If you use SAP daily, it can be meaningful to learn coding in ABAP, to automate time-consuming tasks.
There is also a high demand for experienced professionals in RPG (Report Program Generator), the IBM i programming language (better known as AS/400, its older name).
Knowing how to code in this language is a strategic skill as RPG developers are retiring and experienced IBM Systems users are becoming scarce. Even if it will not be the leading ERP system in terms of innovation for the next years, IBM i has been evolving and is still being used by some companies.
The No-Code trend
Lately, we have been witnessing the emerging « No-Code » movement. It consists of a Cloud development platform where the user develops applications only by the graphical interface, without the need of maintaining large coding scripts.
It is meant for business users, to bypass long IT development cycles, thus shortening application development timelines.
In a nutshell, Programmation will be more and more accessible.
Conclusion: Which programming language to learn for Supply Chain?

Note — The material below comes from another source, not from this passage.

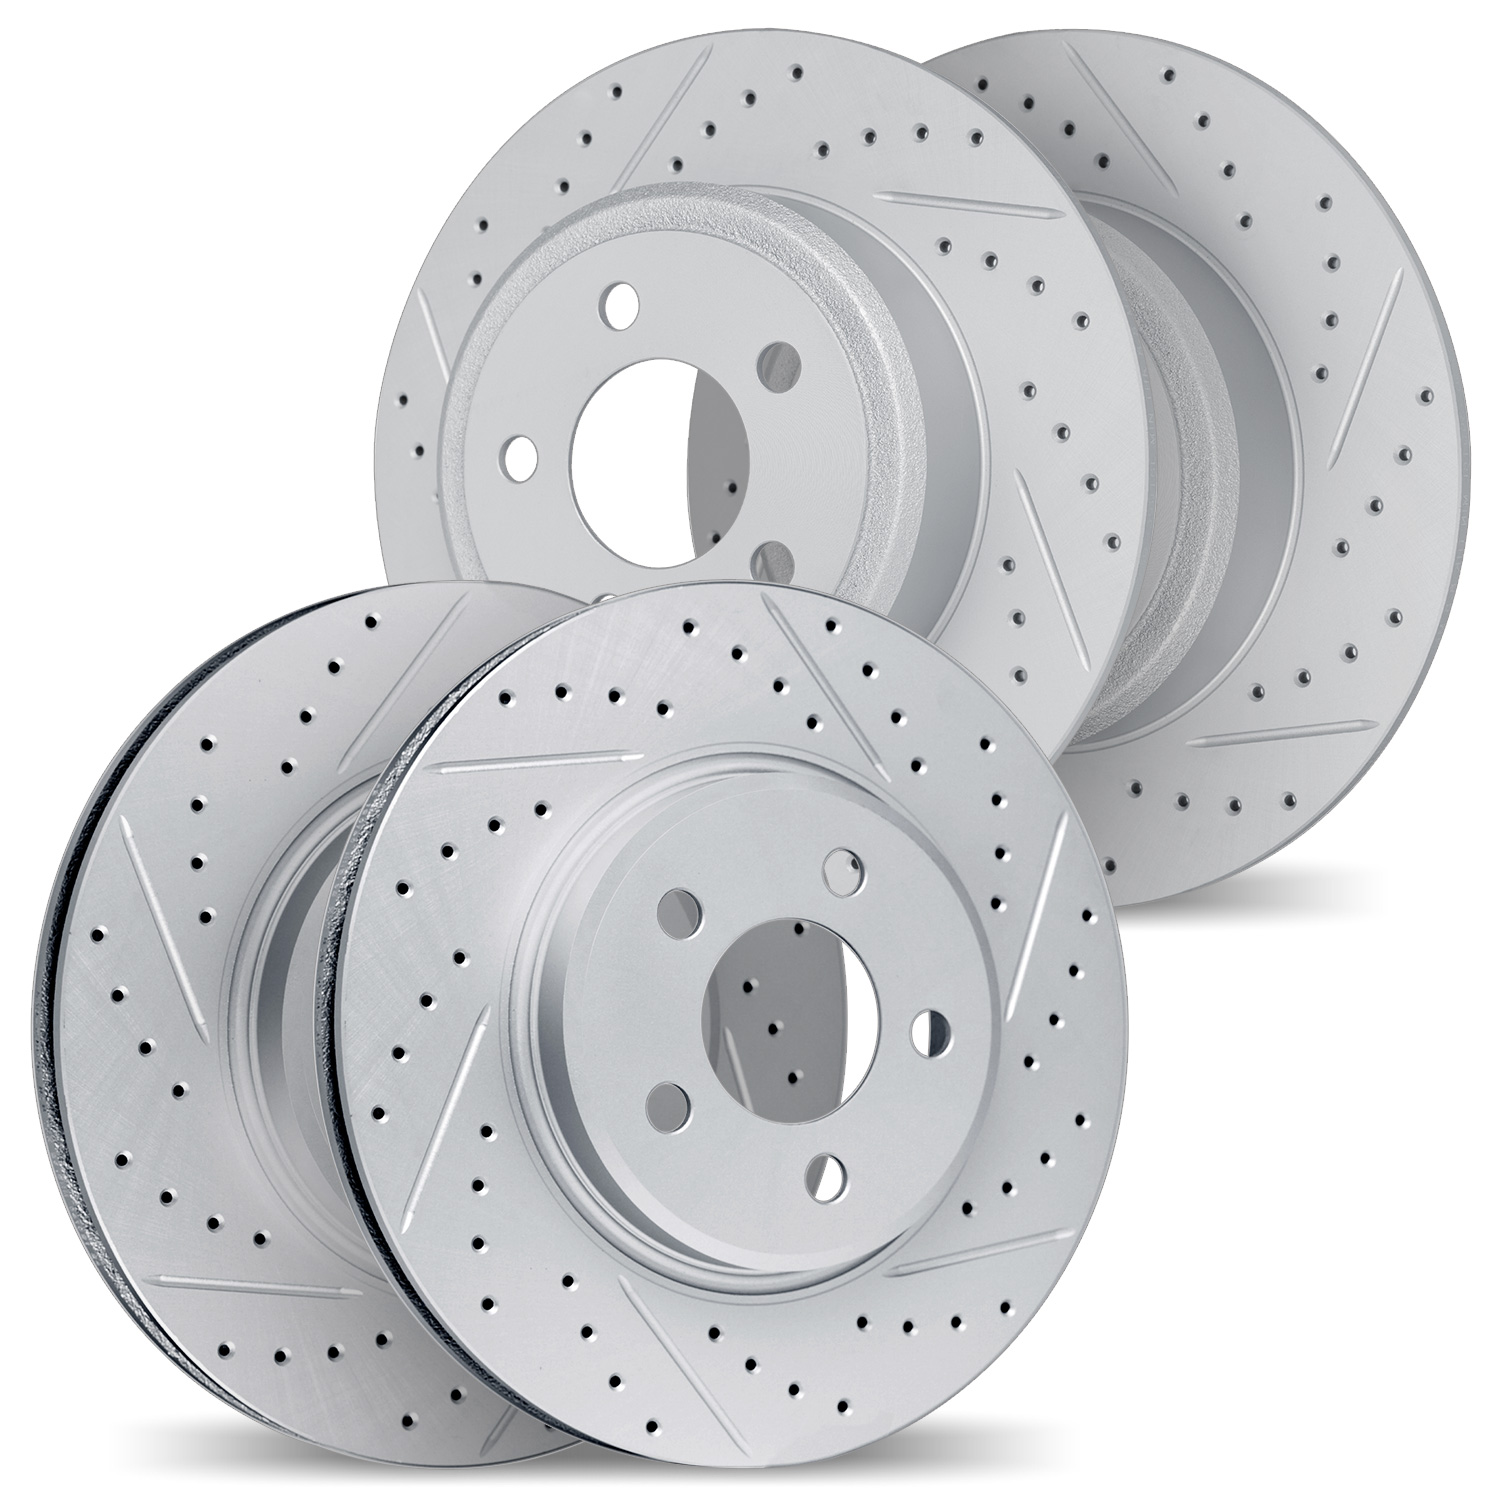 2004-63016 Geoperformance Drilled/Slotted Brake Rotors, 2003-2005 Mercedes-Benz, Position: Front and Rear

We saw that there is not any “best” coding language as such. My recommendation is the following:
- Focus on one language that will be the most useful in your daily work and that better fits your ambitions.
- Master the basics.
- Practice with real business problems as soon as possible.
I have never considered myself a Programmation expert. But I have faced many practical cases where I built programs to solve problems. I have learned the fundamentals of algorithms logic and object-oriented programming. This had a dramatic impact on my productivity and my results.
Mark my words, coding is not an end in itself.
The ultimate goal is not to be an expert in IT development (unless it is part of your career plan), but it is rather to understand the underlying logic of computer programming. I see every day the difference between people having this coding culture and people who don’t. Those are not able to lead any technical meetings with IT teams. And it is a shame because programs help us to automate and optimize, to have more available time for analysis and decision making.
The No-Code platforms will make application building much easier. But it will still be essential to master the programming fundamentals to fully take advantage of those new tools.
This is why starting to learn computer programming is a way to boost your career in Supply Chain.